[Ingewand]
INGEWAND, z.n., o., des ingewands, of van het ingewand; meerv. ingewanden. Eene algemeene benaming van de inwendige deelen in het ligchaam van mensch en dier. Men gebruikt het, bij verzameling, in het enkelv. getal, meest: het ingewand uit een beest doen. Ook is het meerv. in gebruik, wanneer men van meer ingewanden spreekt: hij heeft al de ingewanden verbrand.
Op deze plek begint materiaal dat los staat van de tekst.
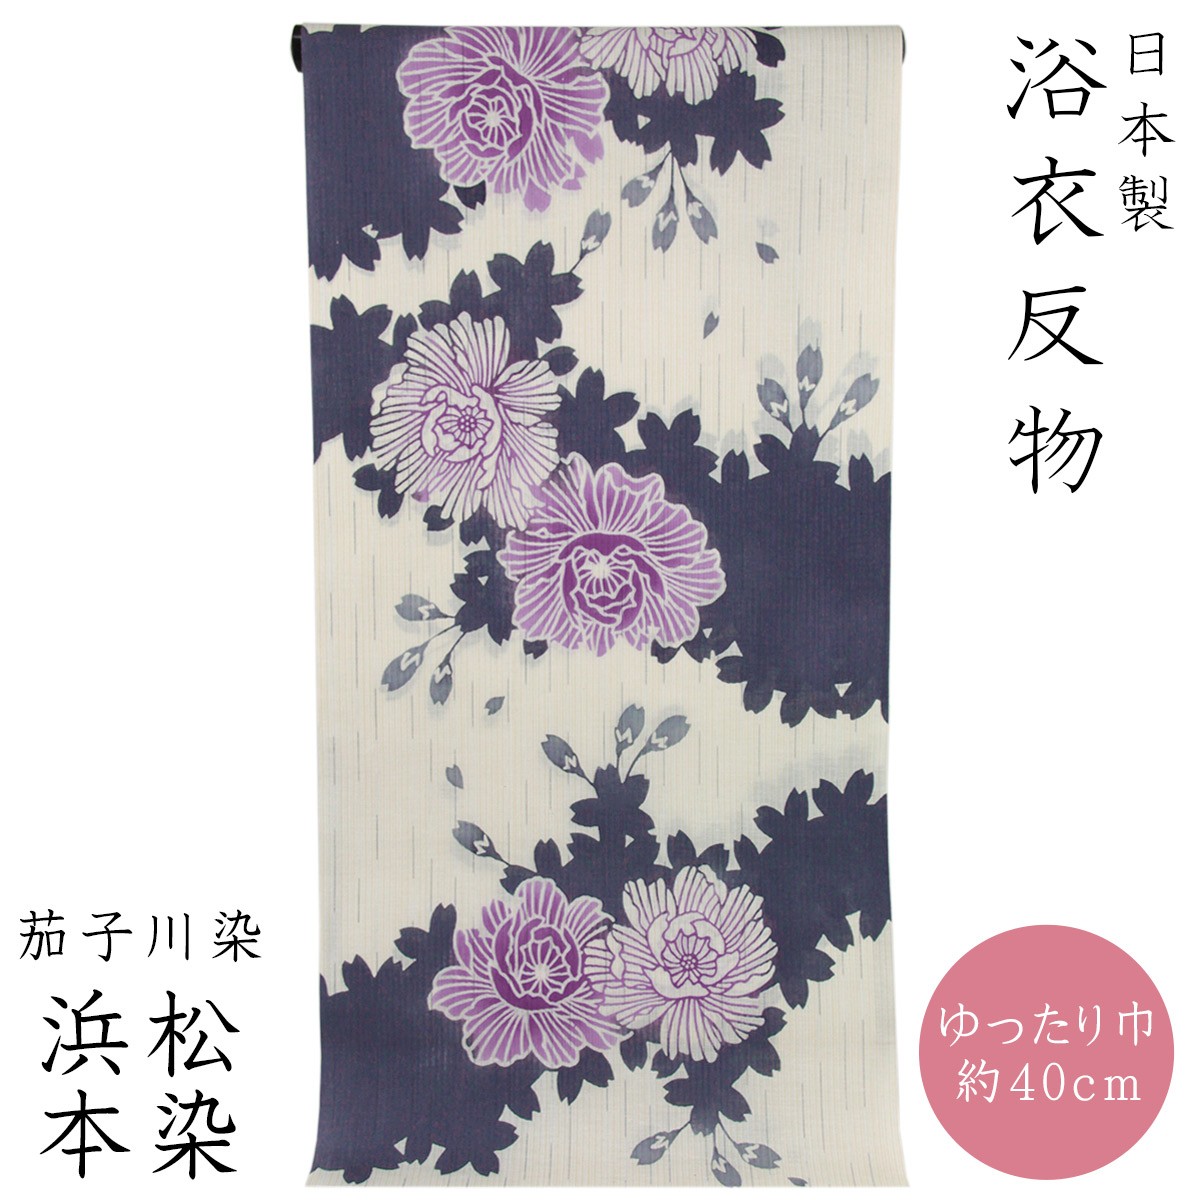 浴衣反物 レディース -224- 綿麻 注染 伊勢型紙 耳あり 日本製 生成り色 紫色 花柄

Men gebruikt dit woord ook voor bijzondere deelen, als voor de lijfmoeder, baarmoeder: 't ongeboren wicht in 't ingewant der maeght. Vond. Voor het gedarmte: bezie eens, hoe zijn ingewanden krimpen. Vond. Ende alle sijne ingewanden zijn uytgestort. Bijbelv. Het gerommel mijns ingewandts. Bijbelv. Voor ingewand, zeide men oudt. ook inader: en stortte syn inader op die aerde en hij is doot. Bijb. 1477. Ook inghedoe: moederlijke inghedoe. Tafelb. Bij Kil. inghedom. Figuurlijk, voor andere inwendige deelen van iets: het ingewand der aerde. Vond. Binnenste deelen eens lands: voorgenomen hebbende tot de ingewanden van Asië door te breken. Bogaert. Met den vijandt in 't ingewandt. Hooft. Eigene inwoners en landgenoten, in tegenstelling van vreemden en vijanden: zich teegens 't gevaar te verzeekeren, dat uit haar eijghen ingewant opstaan moght'. Hooft. Van hier de spreekwijs: in eigen ingewand wroeten, wanneer een volk, door inwendige verdeeldheid, zich zelf verzwakt. Kinderen worden het ingewand, of de
ingewanden der Ouderen geheten: en eetende met smaak zijn eigen ingewant, zijnen Zoon. Vond. t' onmenschlijk wroeten in mijn eigen ingewanden, Izaak slagten. Hoogvl. Ik sal mij van mijn soon, mijn ingewant, afscheuren. Fr. v. Dorp.